What you will do
I need the lines from the one holding "pierre frey curtains.jpg" to the last line of the data below repeated exactly, both included, without pictures.

Exercise data
⟨

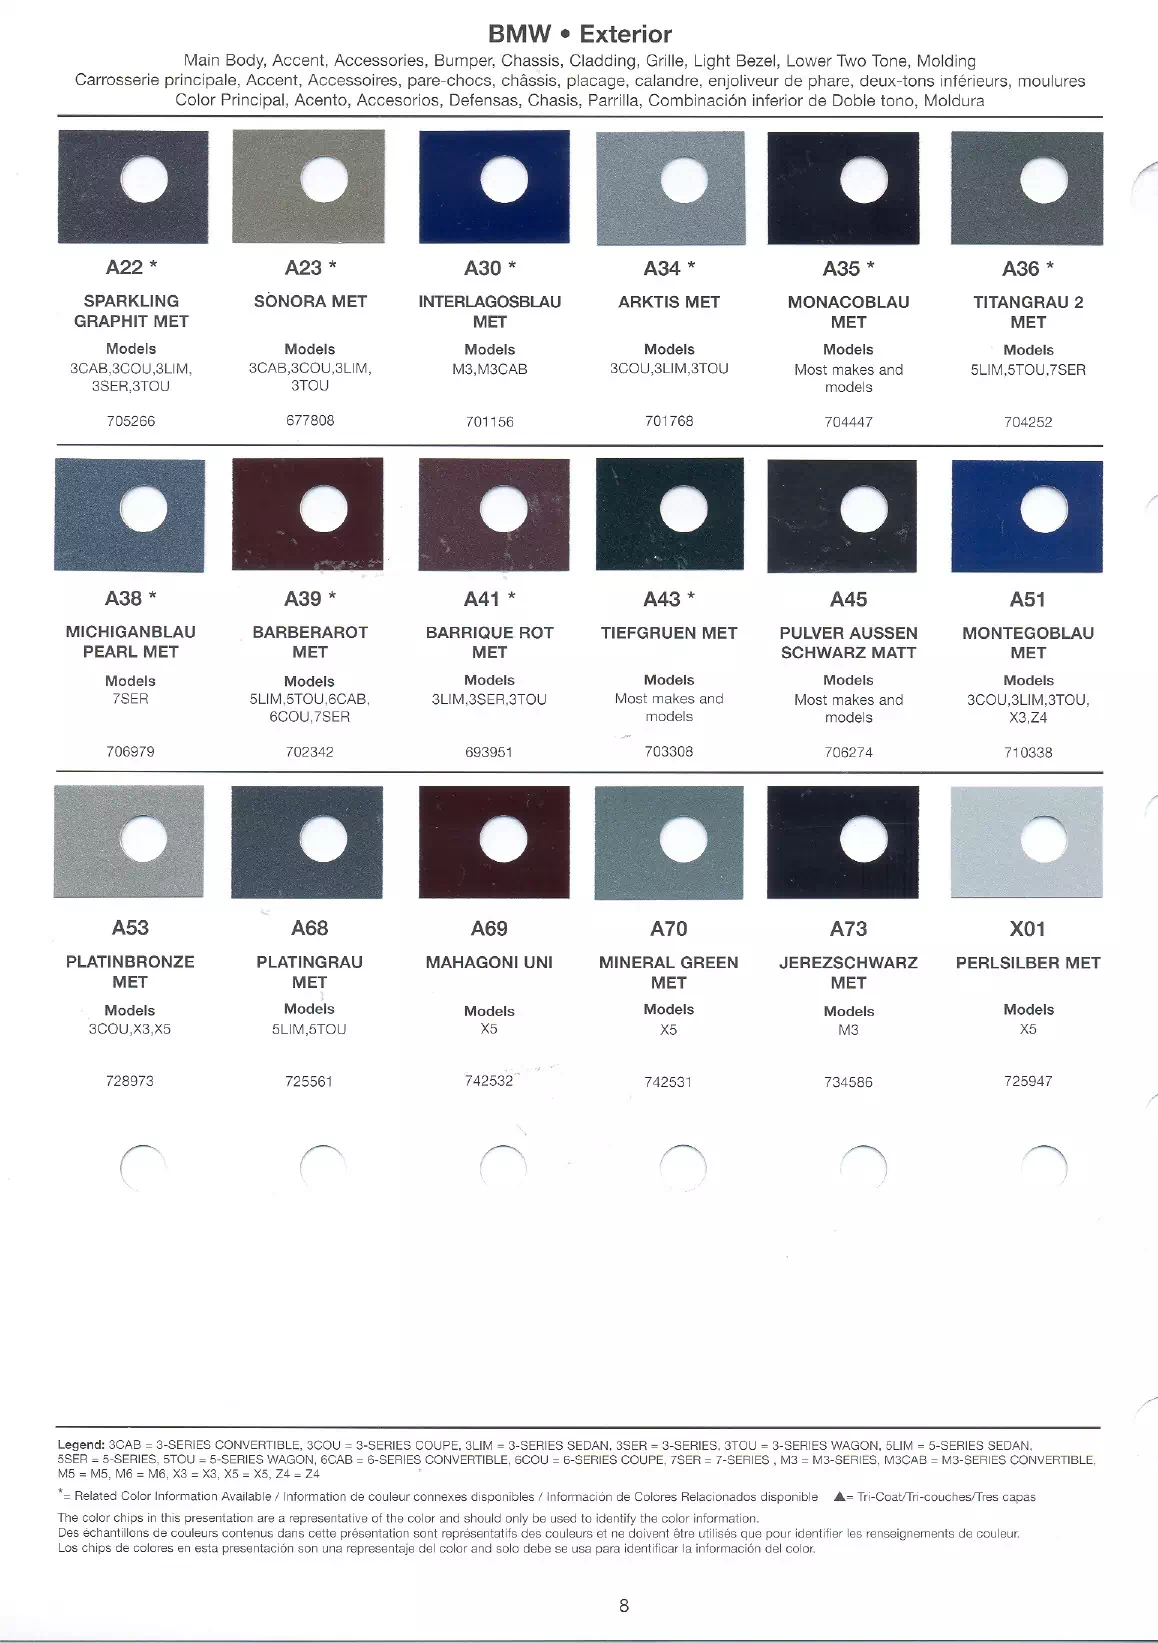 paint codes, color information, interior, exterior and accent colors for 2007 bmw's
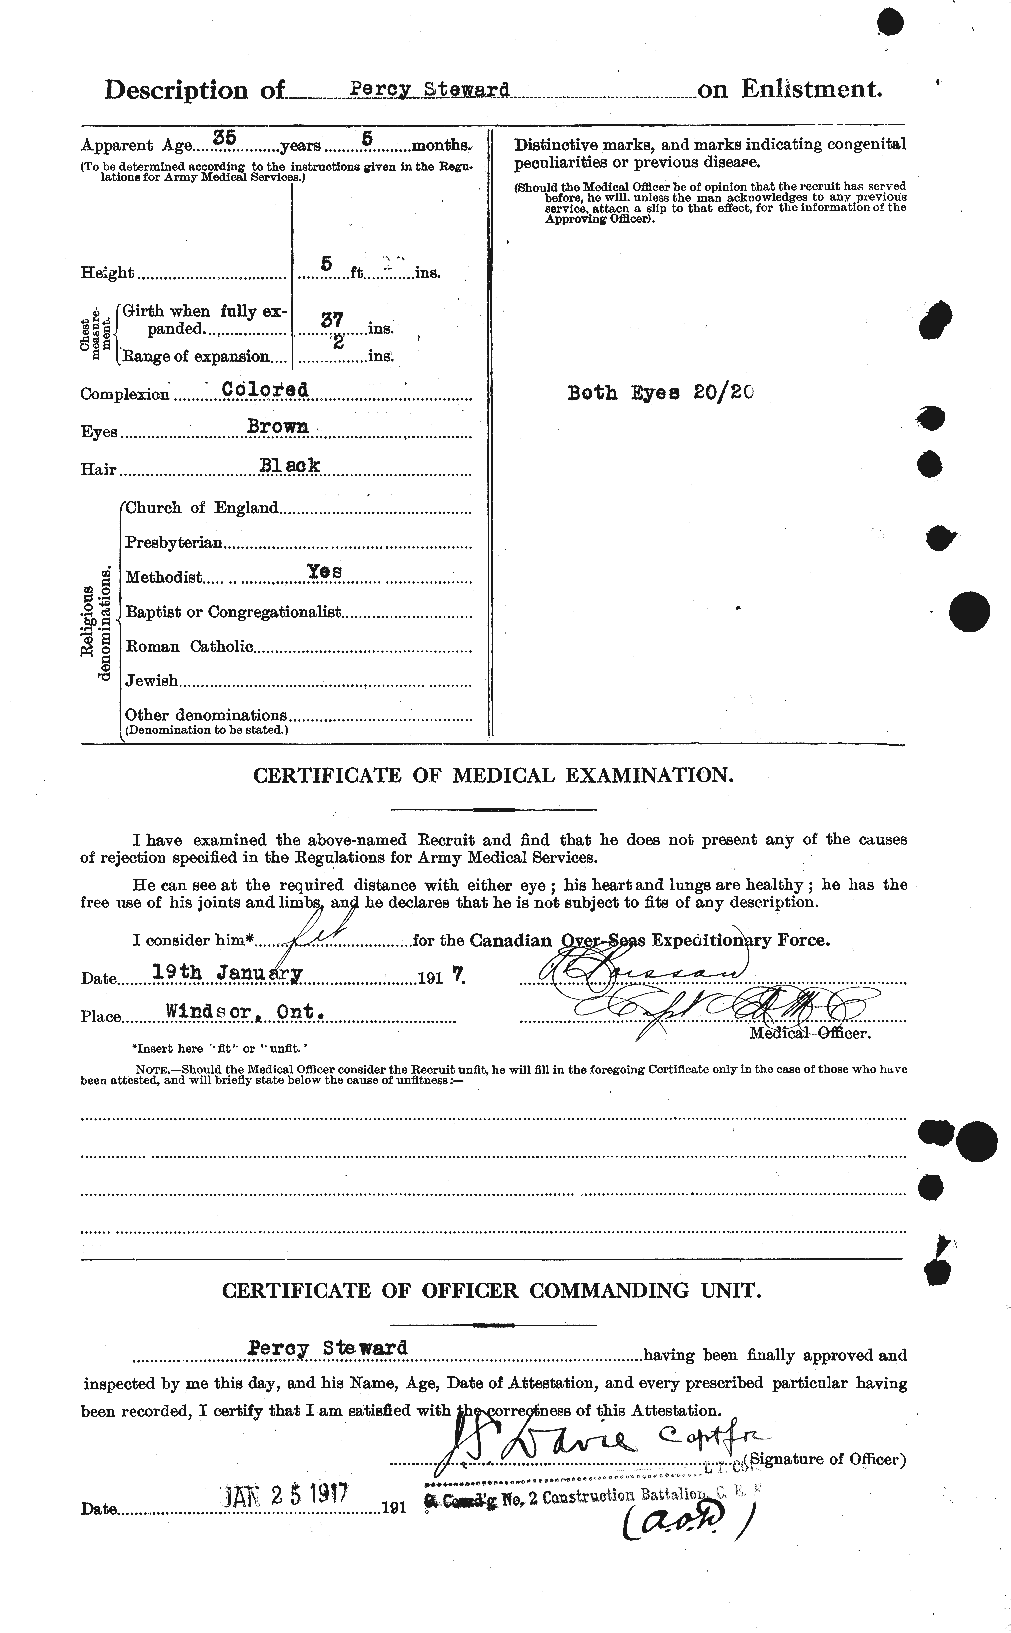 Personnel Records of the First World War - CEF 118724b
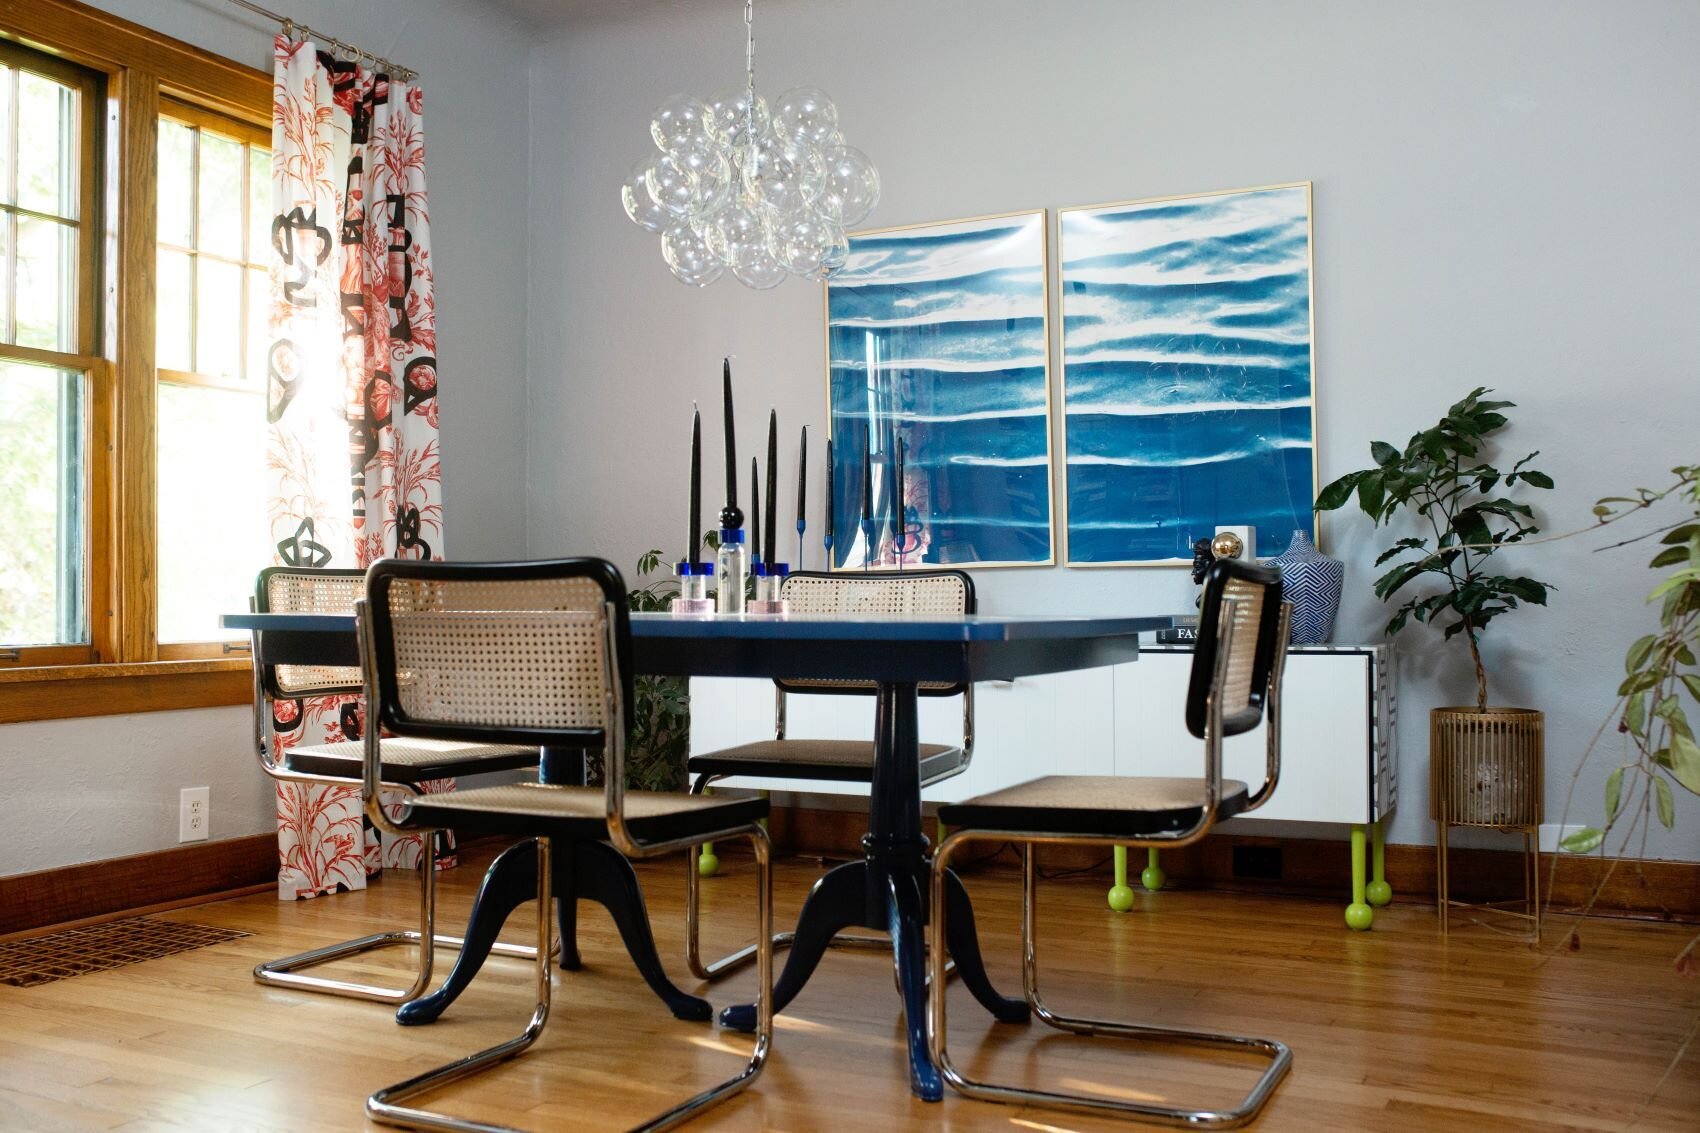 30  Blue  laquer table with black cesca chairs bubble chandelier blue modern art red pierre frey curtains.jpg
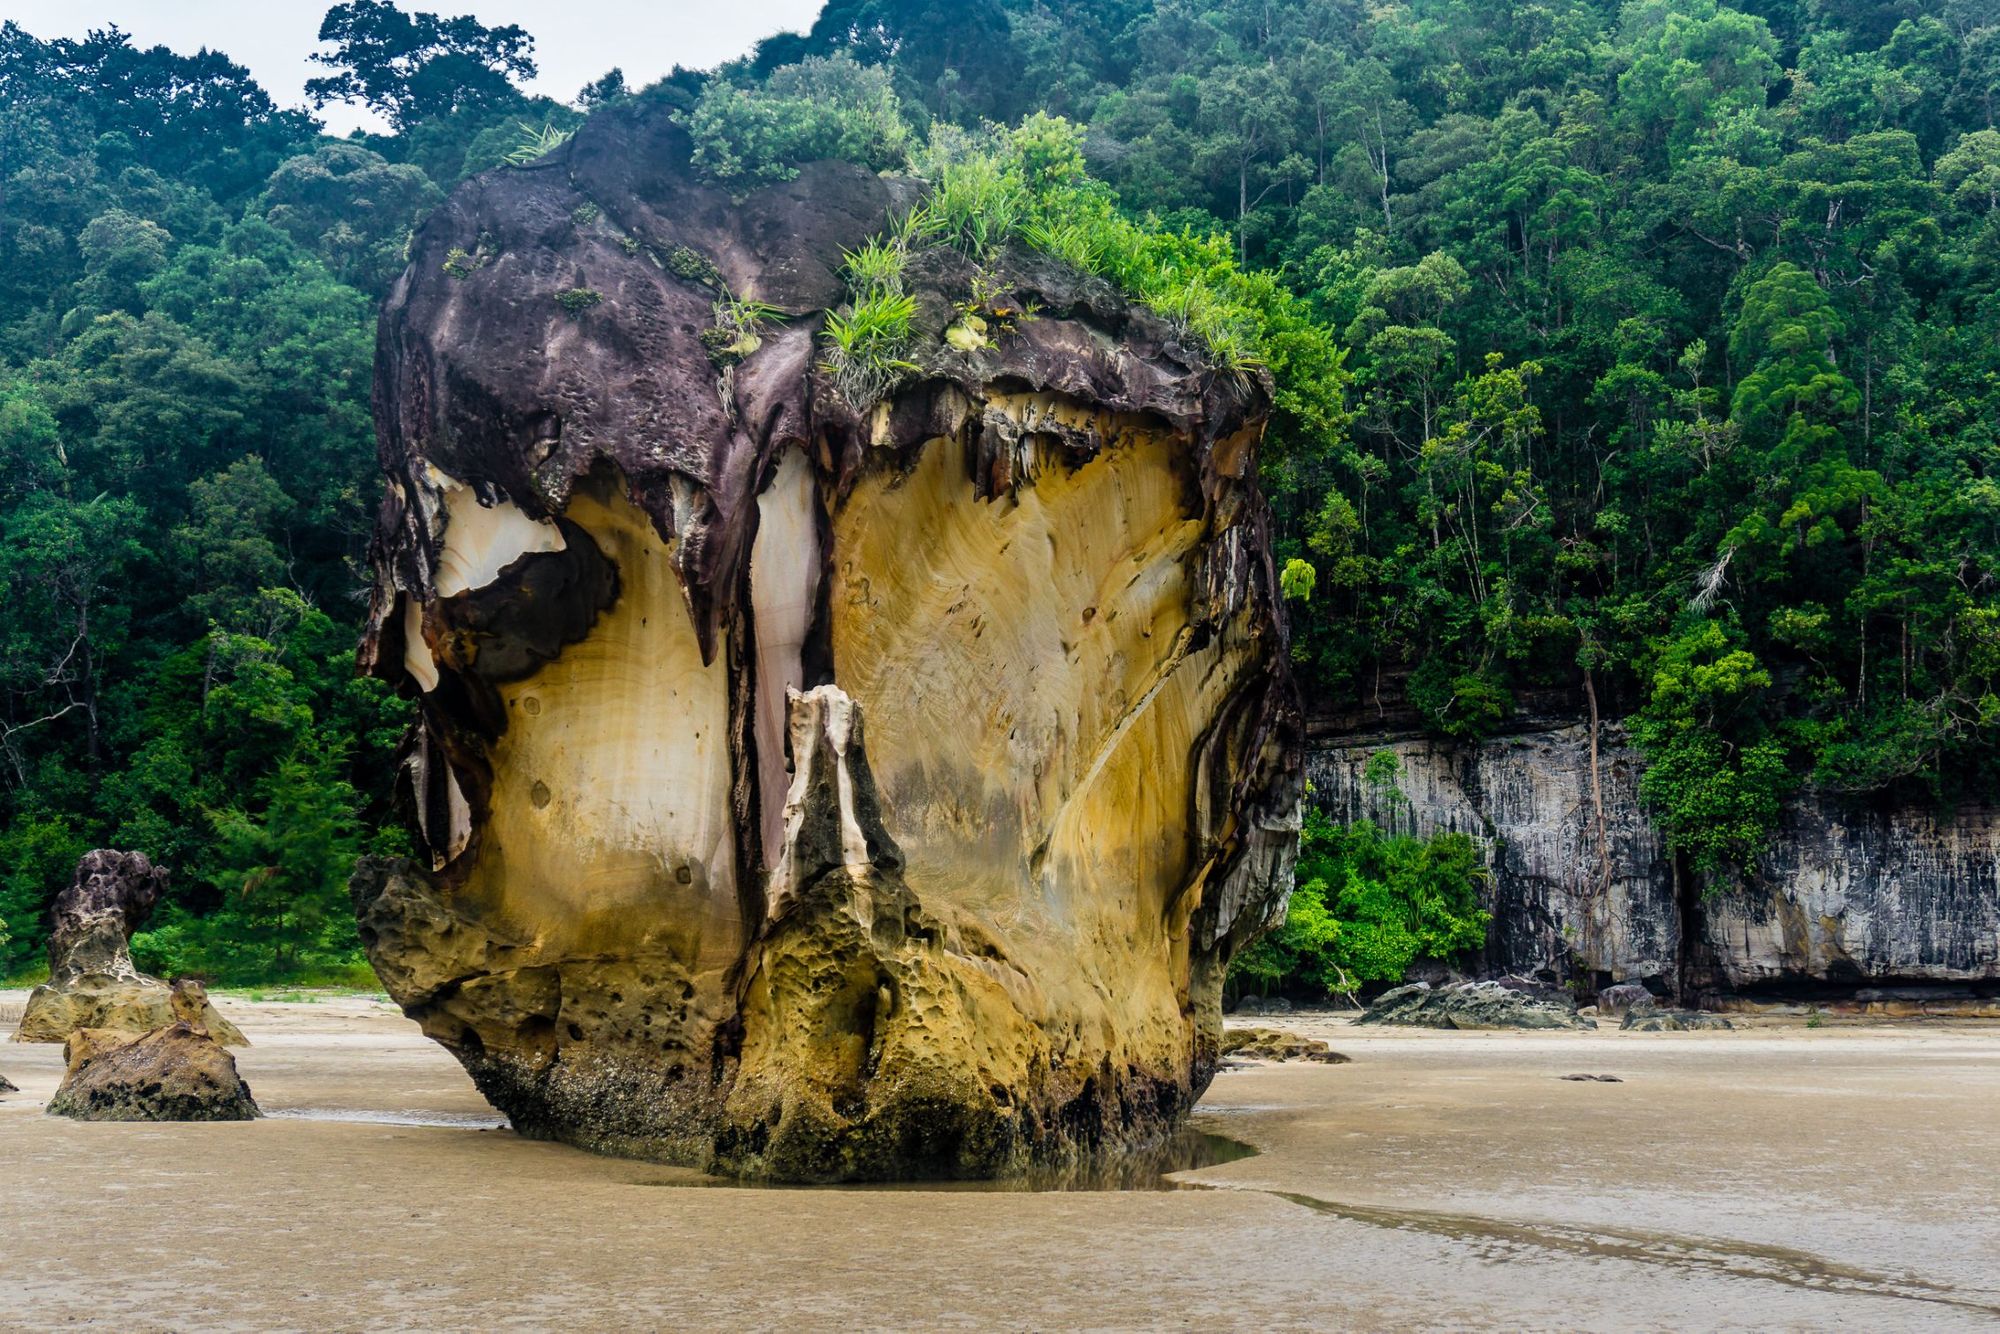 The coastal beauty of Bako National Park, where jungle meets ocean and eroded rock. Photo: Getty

⟩

Result of this task
 30  Blue  laquer table with black cesca chairs bubble chandelier blue modern art red pierre frey curtains.jpg
 The coastal beauty of Bako National Park, where jungle meets ocean and eroded rock. Photo: Getty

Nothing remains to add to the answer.